Understanding the regulation of transcription by sequence-specific regulatory factors and subsequent remodeling of chromatin is central to studies of health and disease. The activities of regulatory factors at promoters, enhancers, silencers, and insulators typically cause nucleosomes to be evicted from chromatin in eukaryotic cells1. Therefore, one of the most effective means of discovering transcriptional regulatory elements is through the identification of nucleosome-depleted regions (“open chromatin”). Historically, this was accomplished by exploiting regional hypersensitivity to nucleases such as DNase I2–9. More recently, we demonstrated an alternative methodology for the detection of open chromatin, which we termed FAIRE (Formaldehyde-Assisted Isolation of Regulatory Elements)10–13. FAIRE was first characterized in yeast and subsequently applied to human cells and tissues13–16. The technique has proven useful for a wide range of eukaryotes, from Plasmodium17 to maize18. Here, we present recent methodological enhancements that improve the utility and reliability of FAIRE, especially for use on tissues or lipid-laden cells such as adipocytes.
FAIRE does not rely on the use of antibodies or enzymes, and is based on differences in crosslinking efficiencies between DNA and nucleosomes or sequence-specific DNA-binding proteins. DNA in nucleosome depleted regions of chromatin (for example through the activity of a sequence-specific regulatory factor) is much less efficiently crosslinked to protein12. DNA not crosslinked to protein will segregate to the aqueous phase during phenol-chloroform extraction. In contrast, DNA covalently linked to proteins will demonstrate hydrophilic properties, and will become trapped between the organic and aqueous phase. To perform FAIRE (Figure 1), cells or dissociated tissues are cross-linked briefly with formaldehyde, lysed, and sonicated. Sheared chromatin is then subjected to phenol/chloroform extraction. The DNA in the aqueous phase is then purified and assayed. FAIRE-enriched chromatin is detected using one of several quantitative approaches. Options include quantitative amplification by PCR (FAIRE-qPCR)13, hybridization to a tiling DNA microarray (FAIRE-chip)11,13, or sequencing via next-generation sequencing technologies (FAIRE-seq)13,16. Due to declining costs of sequencing and higher quality and resolution of sequencing-based data, FAIRE-seq has now nearly fully supplanted FAIRE-chip and FAIRE-qPCR, especially for larger genomes, but also for smaller genomes through multiplexing. Analysis by next-generation sequencing requires alignment of high-quality reads to a reference genome (e.g. Bowtie19) followed by detection of regions of significant enrichment (we recommend ZINBA20). Bowtie and ZINBA are both freely available.
Our lab has used FAIRE extensively to characterize active regulatory elements of several human cell lines as part of the ENCODE consortium21, as well as different cell, tissue, and tumor samples from humans, mice, and other eukaryotes. FAIRE has been used to create catalogs of regulatory elements in normal or diseased cells13,14,16, narrow the search space for causal sequence variants in human disease13,22, and understand the interactions between transcription factors and chromatin remodeling23,24. When coupled with high-throughput sequencing, FAIRE can also be used to identify both large- and small-scale structural variations such as copy number variants (CNV)20.
We have previously shown that regions in the yeast genome enriched by FAIRE were anti-correlated with occupancy of histones H3 and H410, and that FAIRE regions encompass promoters, enhancers, insulators, and other regulatory elements, most of which are also captured by DNase I hypersensitivity assays10,12–14,16. An in-depth comparison between regulatory elements captured by FAIRE, DNase I hypersensitivity, and ChIP-seq found that while a large set of elements were identified by all methods, each assay also identified a unique set of features16. FAIRE was able to detect some distal regulatory elements, such as transcriptional enhancers, that DNase-seq could not, whereas DNase-seq identified some promoters that FAIRE did not.

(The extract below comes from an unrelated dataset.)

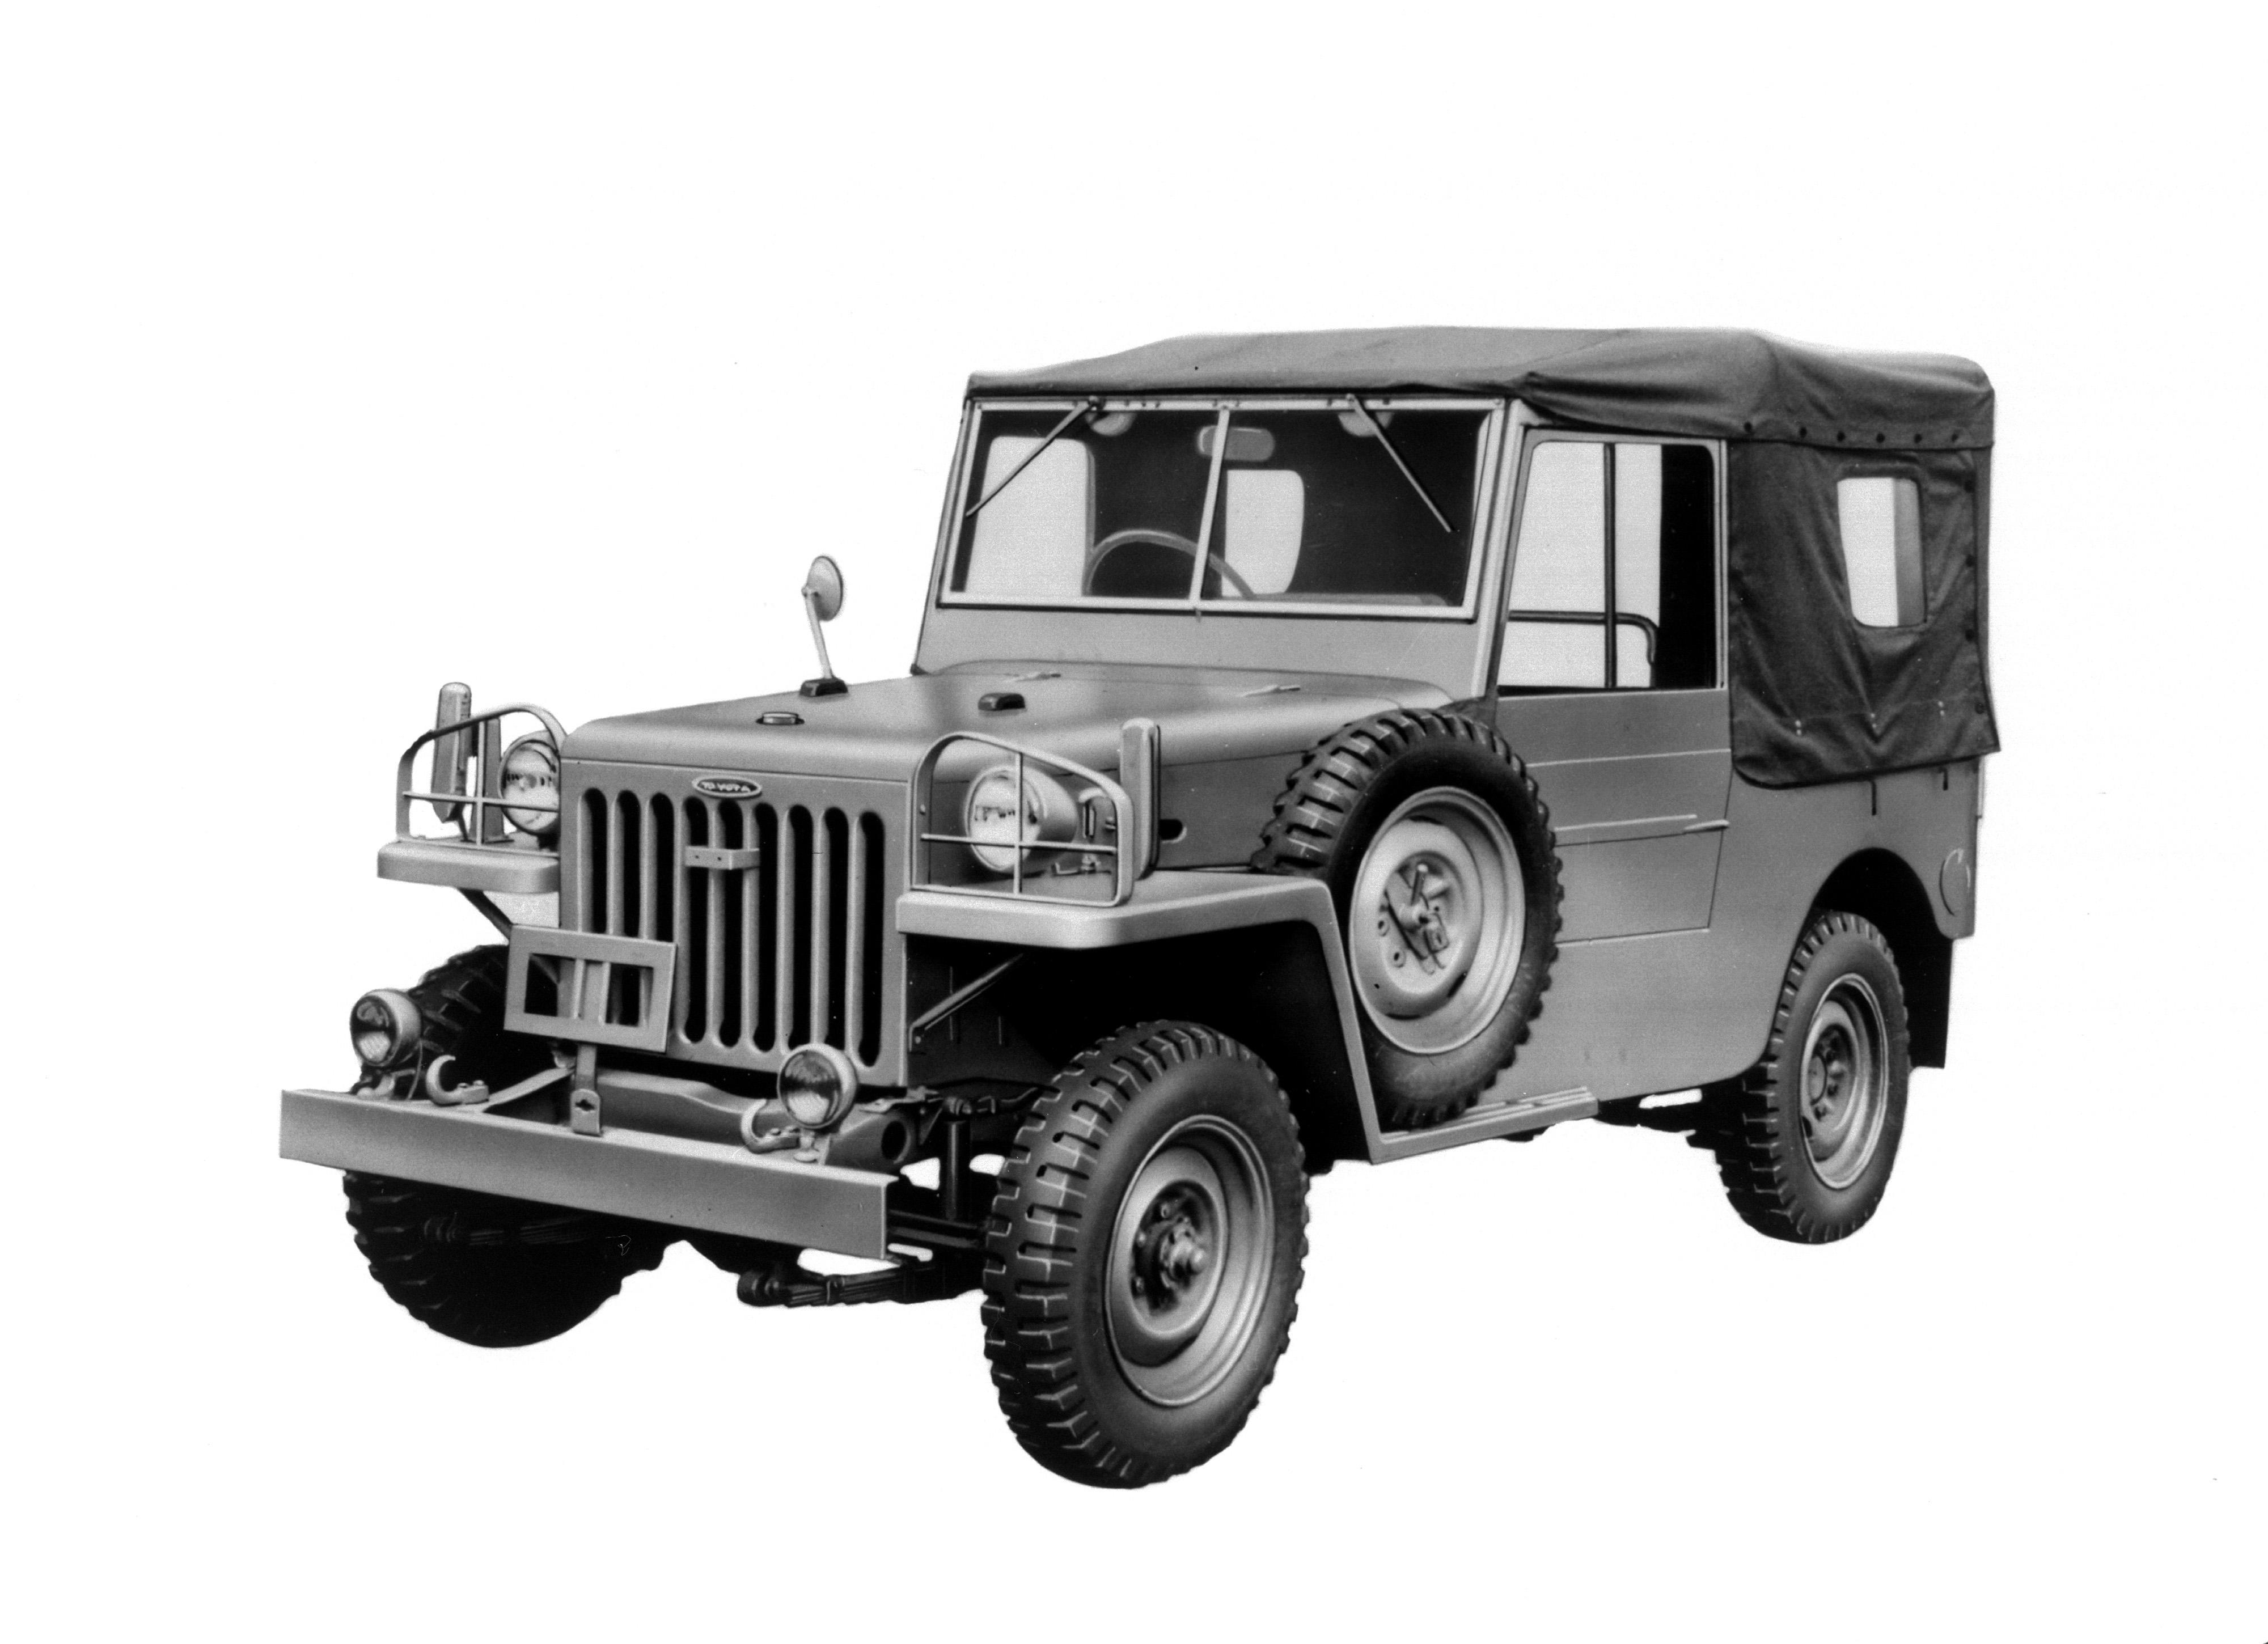 28 août 1937 - Toyota débute sa production automobile — L'annuel de l'automobile

In contrast to ChIP, which is highly subject to antibody reliability and variability issues25, FAIRE offers the consistency of a chemical based isolation. Moreover, FAIRE does not require enzymes, such as DNase or MNase, which are commonly used in analogous methods for detecting nucleosome-free regions. Avoiding the optimization and extra steps necessary for enzymatic processing or immunoprecipitations eliminates a major source of variation, and thus makes it a much more reliable and robust method.
As described in Comparison with other methods and in Song et al16, FAIRE may identify additional transcriptional enhancers and other distal regulatory elements in comparison to other methods such as DNase-seq.
As discussed in Rashid et al20, a sequenced input control is not required for proper analysis of FAIRE-enriched regions. This reduces next-generation sequencing costs as well as the cost of reagents.
Since FAIRE does not require a single-cell suspension or nuclear isolation, it is easily adapted for use on tissue samples. The only additional step needed is pulverization of frozen tissue into a coarse powder prior to fixation.
As described in Comparison with other methods and in Song et al16, other methods, such as DNase-seq, may be better at identifying nucleosome-depleted promoters of highly expressed genes.
As noted below in Experimental design, although FAIRE is relatively straightforward experimentally, an extensive amount of computational processing and analysis are required for comprehensive interpretation of genome-wide results. Groups without access to bioinformatics specialists and computers with sufficient memory, computing power, and storage capacity may experience challenges in interpreting their results. Quantification of FAIRE signal by qPCR or microarrays may be more straightforward.
Transcription factor motifs can be identified in regions of open chromatin identified by FAIRE. However, the higher resolution and increased signal-to-noise of DNase-seq permits detection of specific transcription factor footprints in very deeply sequenced data1.
Relative to ChIP-seq or DNase-seq experiments, FAIRE has a lower signal-to-noise ratio. Therefore, the sites detected by FAIRE can, at times, be only marginally enriched above the background signal. This leads to a reduced confidence in the sites identified. This effect can be exacerbated when using non-sequencing based detection methods. Consequently, primer and array design as well as the selection of control regions are critical. Despite the low signal-to-noise ratio, we note that FAIRE is remarkably reproducible from experiment to experiment.
Fixation efficiency can vary drastically due to many reasons, including differences in cellularity, permeability, purity, fat content, and surface area. Although dissociation by pulverization seems to make fixation slightly more consistent compared to mincing or other methods, this variability can still lead to inconsistent results; optimization is thus recommended.
Studies utilizing FAIRE, like many other genome-wide assays, should include biological replicates. This entails the use of multiple independently grown batches of cells or tissues treated in the same fashion. Several methods have been developed for the assessment of concordance among replicates, such as Irreproducible Discovery Rate (IDR)26, which is currently employed by the ENCODE consortium. Methods like IDR often require a ranked set of statistically enriched regions, which can be obtained by most peak-calling algorithms, including ZINBA20 (see Analysis below).
For sequencing-based detection of FAIRE enrichment, we have found that a control sample, such as genomic or input DNA, while always better to have, is not strictly necessary for samples that have been sequenced to sufficient depth and coverage20. When detecting enrichment by qPCR or tiling DNA microarrays, a genomic or input DNA sample is necessary for use as a reference.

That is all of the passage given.